Washington is increasingly concerned about the Chinese theft of U.S. intellectual property, but it has put been on the defensive by the revelations about U.S. surveillance by National Security Agency leaker Edward Snowden.
A bilateral working group on cyber issues that was announced in April held its first meeting Monday at the State Department, with both civilians and military taking part. The U.S. side was led by the coordinator for cyber issues, Christopher Painter; China’s by senior Foreign Ministry official, Dai Bing.
It’s a prelude to annual, ministerial-level talks on security and the economy that start on Wednesday, a month after a path-finding summit in California between President Barack Obama and new Chinese leader Xi Jinping that aimed to improve collaboration between the powers whose strategic rivalry belies deep economic inter-dependence.
This year’s edition of the dialogue at least begins in less fraught circumstances than last year’s in Beijing, which was overshadowed by the escape of dissident lawyer Chen Guangcheng from house arrest to the U.S. Embassy. Chen later moved to the U.S. where he’s proved a staunch critic of Beijing.
But the weeks since Mr. Obama-Mr. Xi summit have brought a new complication in the relationship. Authorities in the semi-autonomous Chinese territory of Hong Kong refused to extradite Snowden a move which U.S. officials implied that Beijing was involved in.
Officials are likely to play down those differences in this week’s talks. The Obama administration says resolving the cyber security issue is key to the future of ties between the world’s two largest economies, and U.S. businesses are also speaking out.
“The U.S. in the cyber arena is trying to drawing a bright red line,” Brookings Institution scholar Kenneth Lieberthal, wrote in a commentary. “Effectively, the U.S. position is everyone conducts espionage; we don’t object to Chinese espionage, they should not object to ours. But the U.S. does not do commercial espionage to benefit our own firms’ competitive position, the Chinese side does, and we insist that they stop.”

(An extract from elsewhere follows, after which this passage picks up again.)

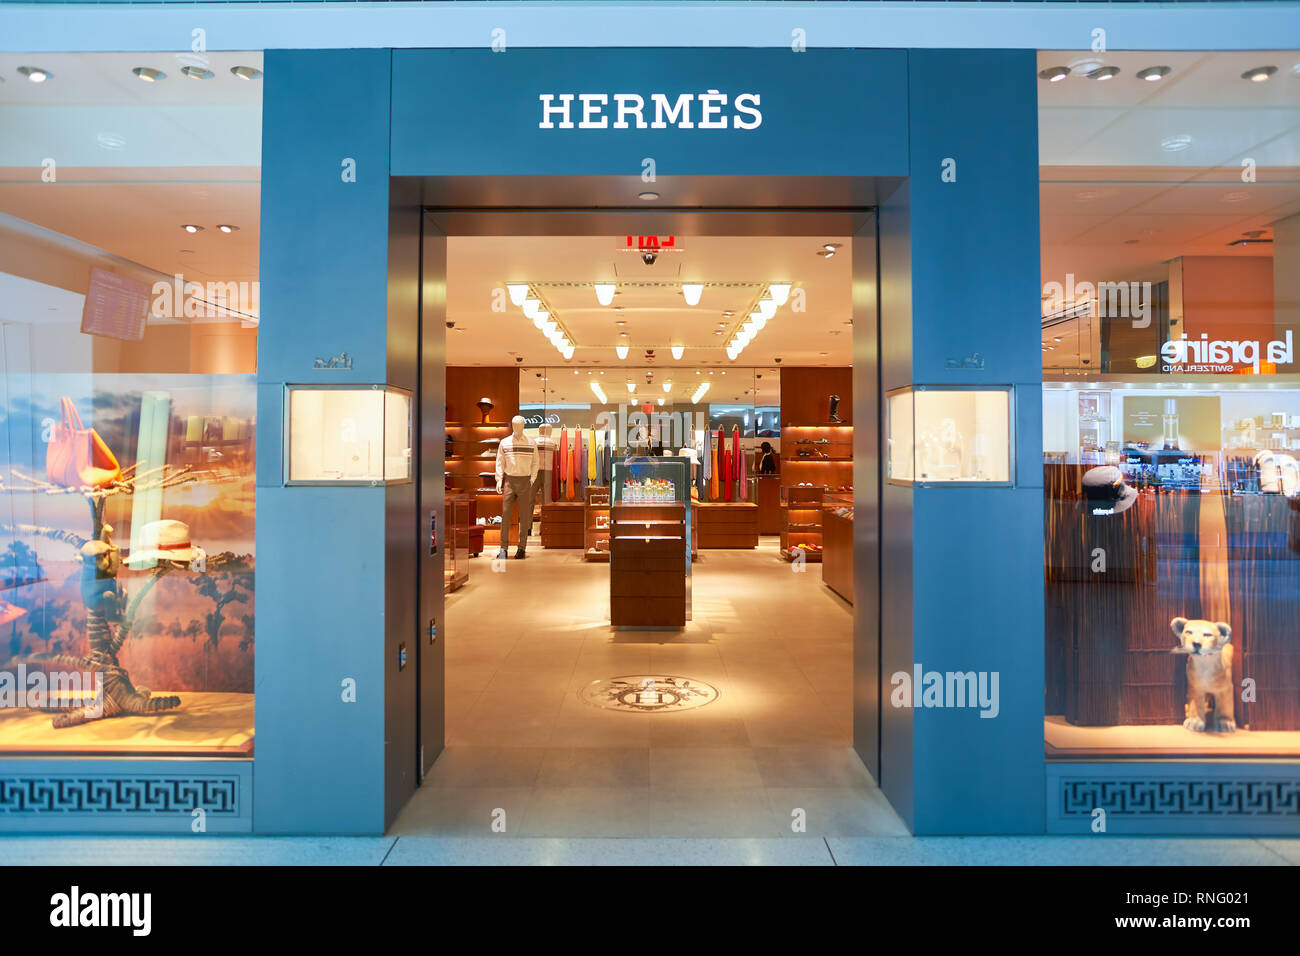 NEW YORK - APRIL 06, 2016: Hermes store in JFK Airport. Hermes ...

Administration officials said the two sides discussed Monday international law and norms in cyber space, and both made practical proposals to increase cooperation and transparency, but the officials gave no details. The U.S side said it raised cyber-enabled theft of intellectual property, trade secrets and confidential business information for economic gain. On Tuesday, officials will also discuss maritime security, missile defence and nuclear policy.
Chinese Ambassador to the U.S. Cui Tiankai on Sunday rejected allegations of Chinese hacking, telling Chinese journalists that Washington has failed to present hard evidence to prove it, state news agency Xinhua reported. Cui referred to Snowden’s revelations about U.S. cyber surveillance and spying against China and other countries and said it demonstrated cyber security is a global problem faced by most countries.
The ambassador proposed creating common rules for cyber space through the United Nations, Xinhua said.